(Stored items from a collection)

==============================

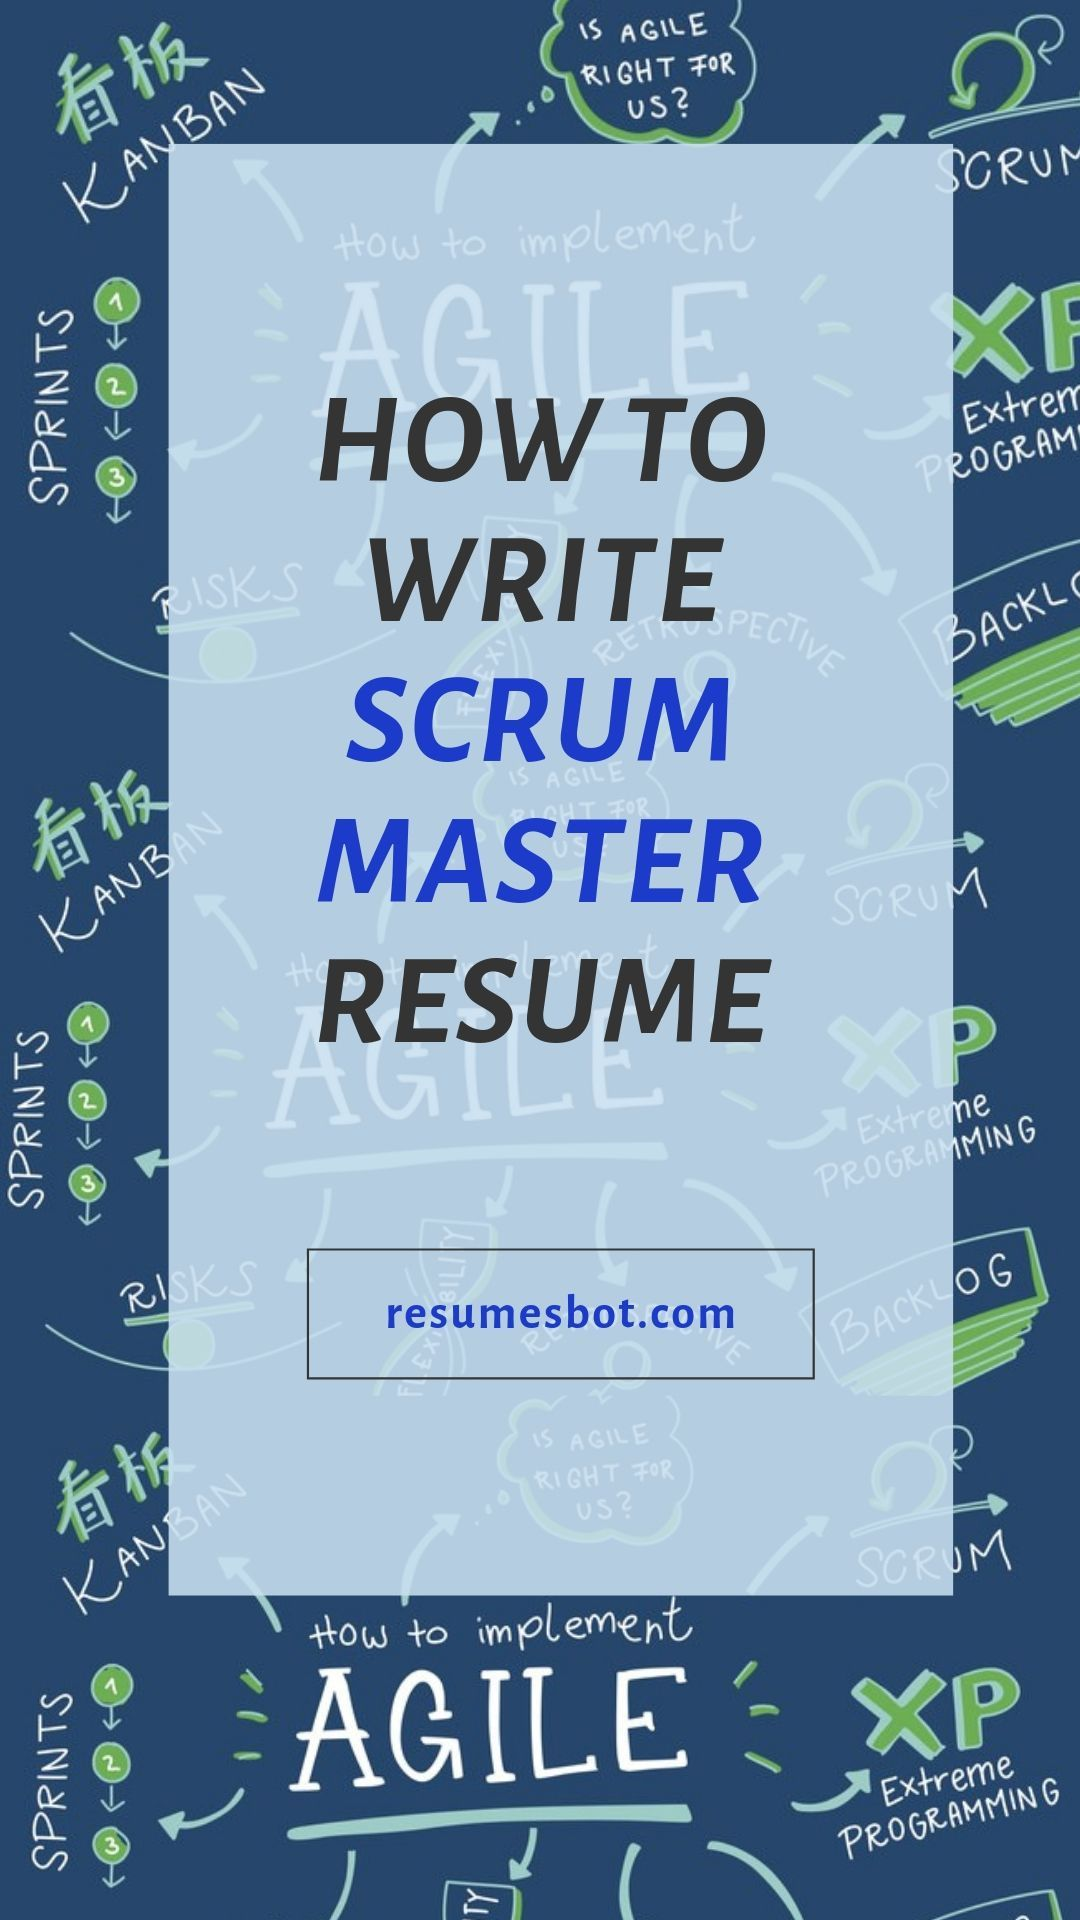 Scrum Master Resume Samples Templates Pdf Doc 2021 Scrum Master Resumes Bot Scrum Master Resume Template Examples Resume Examples
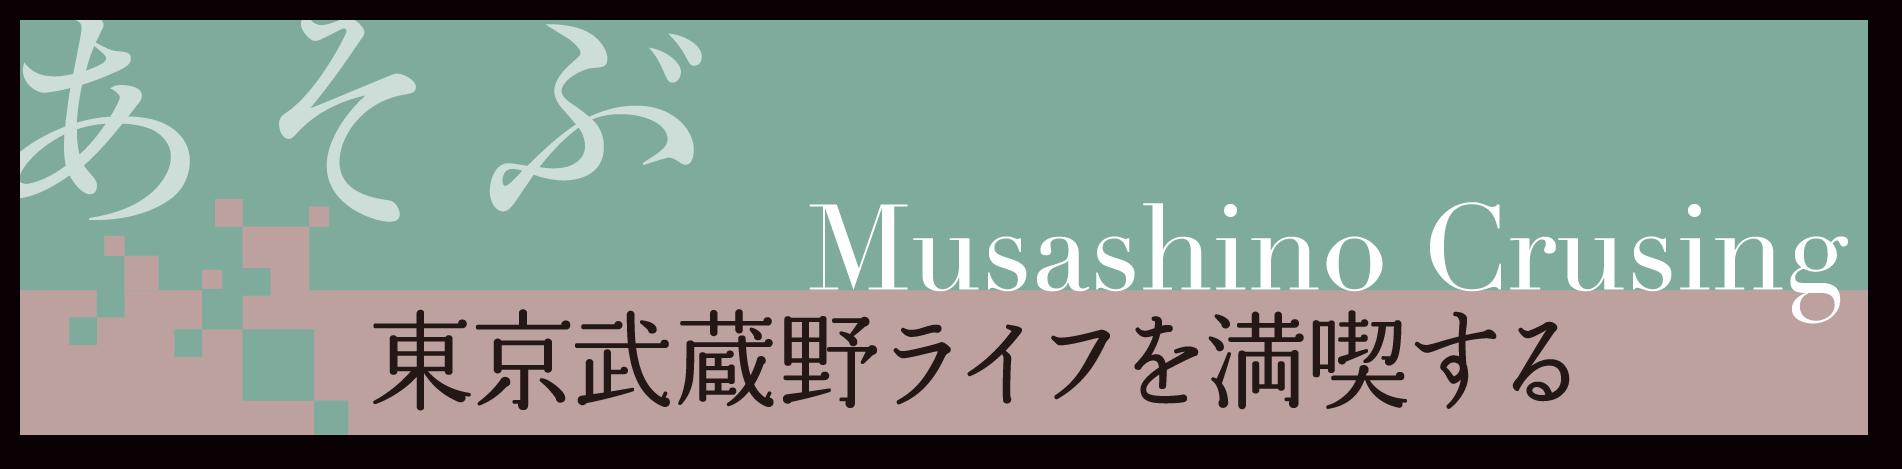 Banner_04_asobu 2.png
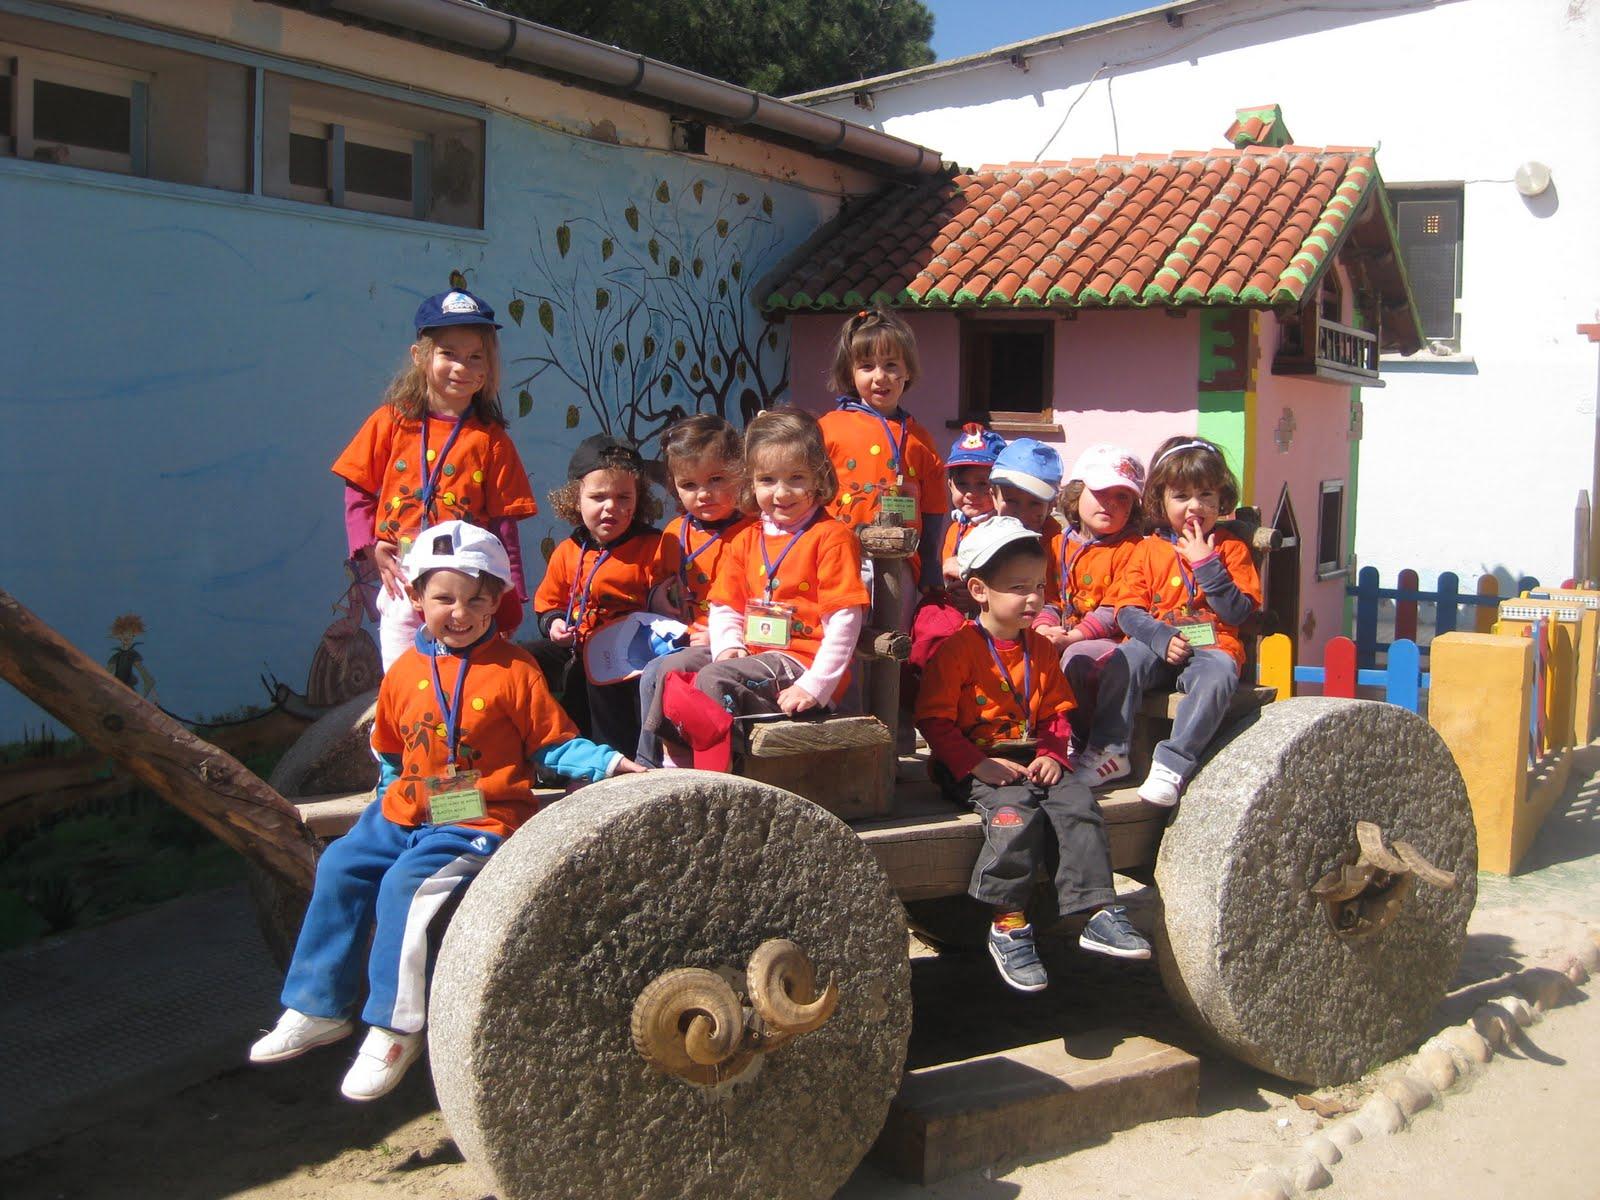 granja escuela juliana:
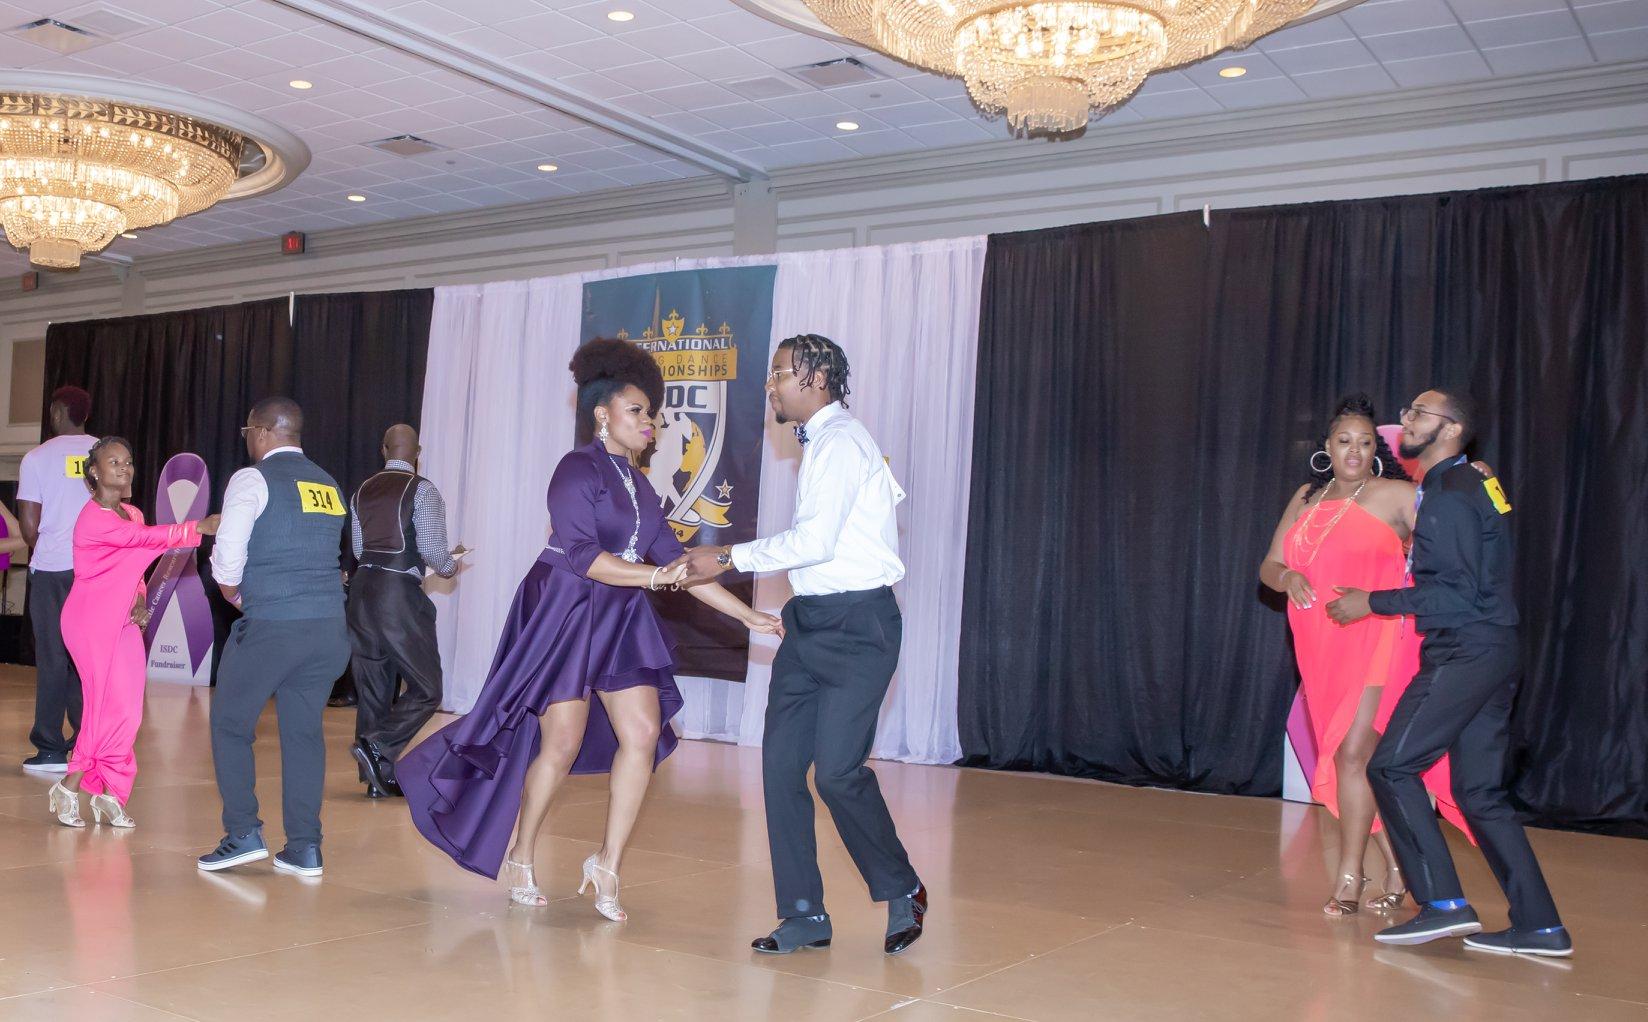 Registration International Swing Dance Championships
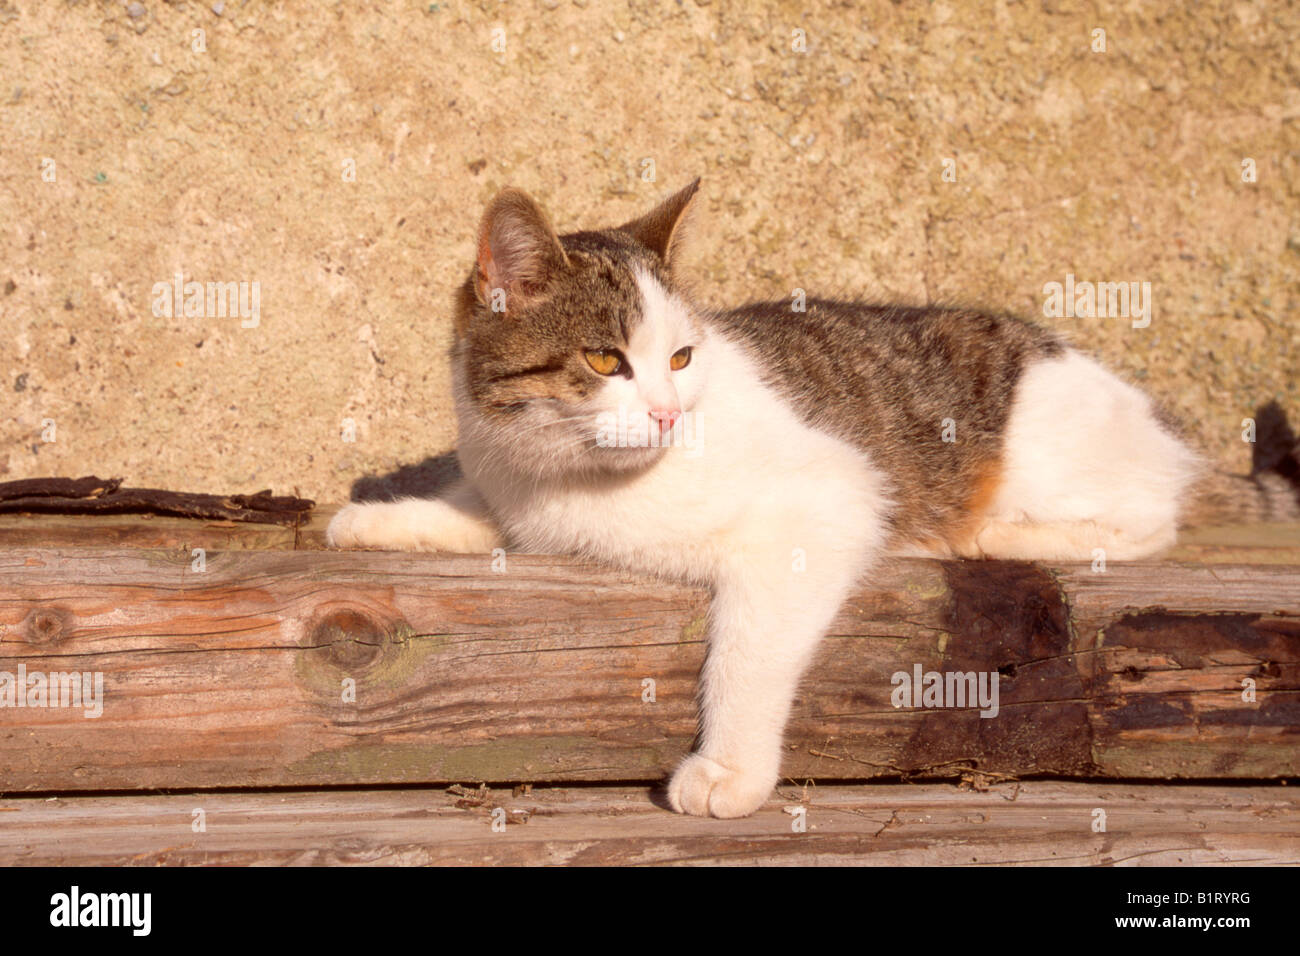 Domestic Cat (Felis silvestris f. catus) Stock Photo

==============================

» **PROMPT**: Every line above should be transcribed word for word; leave the pictures out.

» **EXERCISE RESPONSE**:
 Scrum Master Resume Samples Templates Pdf Doc 2021 Scrum Master Resumes Bot Scrum Master Resume Template Examples Resume Examples
 Banner_04_asobu 2.png
 granja escuela juliana:
 Registration International Swing Dance Championships
 Domestic Cat (Felis silvestris f. catus) Stock Photo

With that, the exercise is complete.